Herbert Fingarette (born Herbert Borenstein; January 20, 1921 – November 2, 2018) was an American philosopher and professor of philosophy at the University of California, Santa Barbara.

== Early life and education ==
Fingarette was born Herbert Borenstein in Brooklyn. His father, David Borenstein, manufactured sewing machine parts. As a teenager, he moved with his family to Los Angeles. He later adopted the last name of his stepfather, Harry Fingarette. Fingarette initially studied chemistry at the University of California, Los Angeles, but left to serve in the United States Army during World War II, where he was assigned to the Pentagon. He later earned a Bachelor of Arts degree and PhD in philosophy from UCLA under the direction of Donald Piatt.

==Career==
Fingarette's work deals with issues in philosophy of mind, psychology, ethics, law, and Chinese philosophy.

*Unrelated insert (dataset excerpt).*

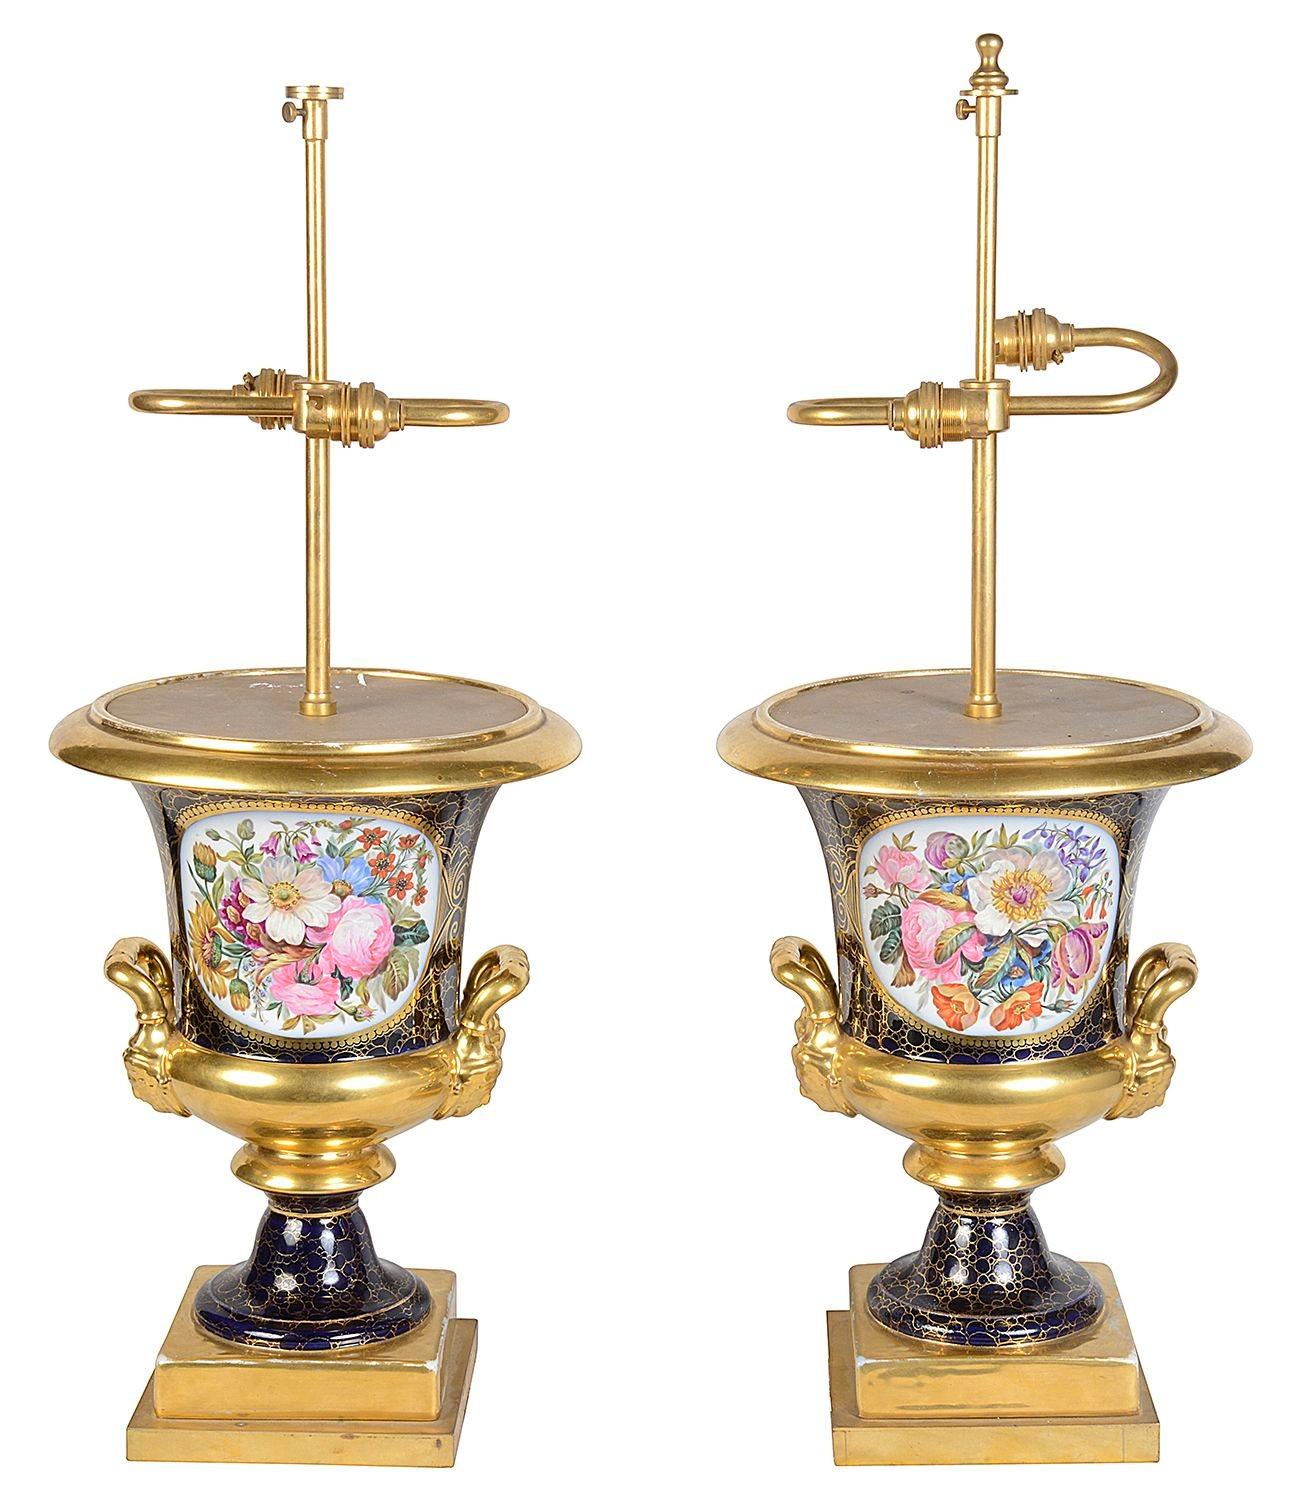 Une paire impressionnante et décorative de lampes en porcelaine de style Sèvres, chacune avec de merveilleuses scènes florales peintes à la main, des crêtes armoriées au dos. Fond bleu cobalt, moulures et poignées dorées.

Lot 78 G204/23 YNKZ

In his 1969 monograph Self-Deception, Fingarette presents an account of the titular concept influenced by the work of Jean-Paul Sartre, Sören Kierkegaard and Sigmund Freud, as well as contemporary work in physiology and analytic philosophy. Fingarette argues that traditional accounts of self-deception fall invariably into paradox because these accounts see self-deception in terms of perception or knowledge. Such paradoxes may be resolved, Fingarette claims, by re-framing self-deception as a problem of volition and action. On these new terms, he defines self-deception as an agent's persistent refusal to "spell out" (explicitly acknowledge) and to avow some aspect of his engagement in the world.

Fingarette's 1972 monograph Confucius: The Secular As Sacred was described in a peer-reviewed academic journal as "one of the most significant philosophical books on the subject to be published in a long time".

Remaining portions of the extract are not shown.